Recorded data:
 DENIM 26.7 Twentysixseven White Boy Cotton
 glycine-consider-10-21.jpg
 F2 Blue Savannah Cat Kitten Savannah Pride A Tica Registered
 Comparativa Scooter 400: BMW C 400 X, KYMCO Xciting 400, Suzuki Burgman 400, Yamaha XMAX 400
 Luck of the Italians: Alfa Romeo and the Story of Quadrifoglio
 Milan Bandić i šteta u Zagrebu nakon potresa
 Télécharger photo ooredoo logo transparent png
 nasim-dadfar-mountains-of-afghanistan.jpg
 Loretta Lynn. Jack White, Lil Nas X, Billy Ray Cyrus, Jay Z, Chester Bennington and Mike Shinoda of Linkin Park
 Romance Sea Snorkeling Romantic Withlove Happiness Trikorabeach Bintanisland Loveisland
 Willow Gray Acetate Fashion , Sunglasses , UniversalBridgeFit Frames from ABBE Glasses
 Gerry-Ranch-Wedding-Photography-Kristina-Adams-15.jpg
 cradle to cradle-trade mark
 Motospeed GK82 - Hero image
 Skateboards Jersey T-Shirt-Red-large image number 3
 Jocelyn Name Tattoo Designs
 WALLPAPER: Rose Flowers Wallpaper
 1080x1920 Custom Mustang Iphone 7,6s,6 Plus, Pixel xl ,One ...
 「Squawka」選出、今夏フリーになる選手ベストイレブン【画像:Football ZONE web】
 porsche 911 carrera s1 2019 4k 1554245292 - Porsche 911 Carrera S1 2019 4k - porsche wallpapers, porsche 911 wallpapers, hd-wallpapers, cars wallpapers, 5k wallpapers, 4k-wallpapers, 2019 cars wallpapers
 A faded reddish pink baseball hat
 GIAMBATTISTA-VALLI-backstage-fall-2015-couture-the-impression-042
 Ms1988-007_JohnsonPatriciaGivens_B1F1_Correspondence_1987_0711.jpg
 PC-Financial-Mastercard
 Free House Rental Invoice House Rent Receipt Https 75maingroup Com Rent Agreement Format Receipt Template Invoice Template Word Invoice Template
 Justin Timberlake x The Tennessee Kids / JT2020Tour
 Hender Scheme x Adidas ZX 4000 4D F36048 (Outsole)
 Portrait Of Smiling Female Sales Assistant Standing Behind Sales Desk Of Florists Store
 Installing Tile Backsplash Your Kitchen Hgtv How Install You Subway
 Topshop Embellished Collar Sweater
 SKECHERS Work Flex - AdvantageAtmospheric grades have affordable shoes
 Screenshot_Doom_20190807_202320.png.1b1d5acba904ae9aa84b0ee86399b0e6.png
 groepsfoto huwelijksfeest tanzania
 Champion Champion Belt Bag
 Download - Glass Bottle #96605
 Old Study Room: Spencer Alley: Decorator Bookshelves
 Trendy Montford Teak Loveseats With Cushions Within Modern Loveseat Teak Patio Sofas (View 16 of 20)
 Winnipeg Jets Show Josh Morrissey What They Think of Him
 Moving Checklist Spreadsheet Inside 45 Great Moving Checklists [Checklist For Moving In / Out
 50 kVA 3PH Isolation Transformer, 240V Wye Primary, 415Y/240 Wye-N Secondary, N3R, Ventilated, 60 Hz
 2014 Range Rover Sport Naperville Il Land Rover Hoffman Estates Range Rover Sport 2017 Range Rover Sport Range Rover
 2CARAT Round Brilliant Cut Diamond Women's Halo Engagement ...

> _TASK_
Your task is to retype all the records above with nothing left out.

> _ANSWER TO THE EXERCISE_
 DENIM 26.7 Twentysixseven White Boy Cotton
 glycine-consider-10-21.jpg
 F2 Blue Savannah Cat Kitten Savannah Pride A Tica Registered
 Comparativa Scooter 400: BMW C 400 X, KYMCO Xciting 400, Suzuki Burgman 400, Yamaha XMAX 400
 Luck of the Italians: Alfa Romeo and the Story of Quadrifoglio
 Milan Bandić i šteta u Zagrebu nakon potresa
 Télécharger photo ooredoo logo transparent png
 nasim-dadfar-mountains-of-afghanistan.jpg
 Loretta Lynn. Jack White, Lil Nas X, Billy Ray Cyrus, Jay Z, Chester Bennington and Mike Shinoda of Linkin Park
 Romance Sea Snorkeling Romantic Withlove Happiness Trikorabeach Bintanisland Loveisland
 Willow Gray Acetate Fashion , Sunglasses , UniversalBridgeFit Frames from ABBE Glasses
 Gerry-Ranch-Wedding-Photography-Kristina-Adams-15.jpg
 cradle to cradle-trade mark
 Motospeed GK82 - Hero image
 Skateboards Jersey T-Shirt-Red-large image number 3
 Jocelyn Name Tattoo Designs
 WALLPAPER: Rose Flowers Wallpaper
 1080x1920 Custom Mustang Iphone 7,6s,6 Plus, Pixel xl ,One ...
 「Squawka」選出、今夏フリーになる選手ベストイレブン【画像:Football ZONE web】
 porsche 911 carrera s1 2019 4k 1554245292 - Porsche 911 Carrera S1 2019 4k - porsche wallpapers, porsche 911 wallpapers, hd-wallpapers, cars wallpapers, 5k wallpapers, 4k-wallpapers, 2019 cars wallpapers
 A faded reddish pink baseball hat
 GIAMBATTISTA-VALLI-backstage-fall-2015-couture-the-impression-042
 Ms1988-007_JohnsonPatriciaGivens_B1F1_Correspondence_1987_0711.jpg
 PC-Financial-Mastercard
 Free House Rental Invoice House Rent Receipt Https 75maingroup Com Rent Agreement Format Receipt Template Invoice Template Word Invoice Template
 Justin Timberlake x The Tennessee Kids / JT2020Tour
 Hender Scheme x Adidas ZX 4000 4D F36048 (Outsole)
 Portrait Of Smiling Female Sales Assistant Standing Behind Sales Desk Of Florists Store
 Installing Tile Backsplash Your Kitchen Hgtv How Install You Subway
 Topshop Embellished Collar Sweater
 SKECHERS Work Flex - AdvantageAtmospheric grades have affordable shoes
 Screenshot_Doom_20190807_202320.png.1b1d5acba904ae9aa84b0ee86399b0e6.png
 groepsfoto huwelijksfeest tanzania
 Champion Champion Belt Bag
 Download - Glass Bottle #96605
 Old Study Room: Spencer Alley: Decorator Bookshelves
 Trendy Montford Teak Loveseats With Cushions Within Modern Loveseat Teak Patio Sofas (View 16 of 20)
 Winnipeg Jets Show Josh Morrissey What They Think of Him
 Moving Checklist Spreadsheet Inside 45 Great Moving Checklists [Checklist For Moving In / Out
 50 kVA 3PH Isolation Transformer, 240V Wye Primary, 415Y/240 Wye-N Secondary, N3R, Ventilated, 60 Hz
 2014 Range Rover Sport Naperville Il Land Rover Hoffman Estates Range Rover Sport 2017 Range Rover Sport Range Rover
 2CARAT Round Brilliant Cut Diamond Women's Halo Engagement ...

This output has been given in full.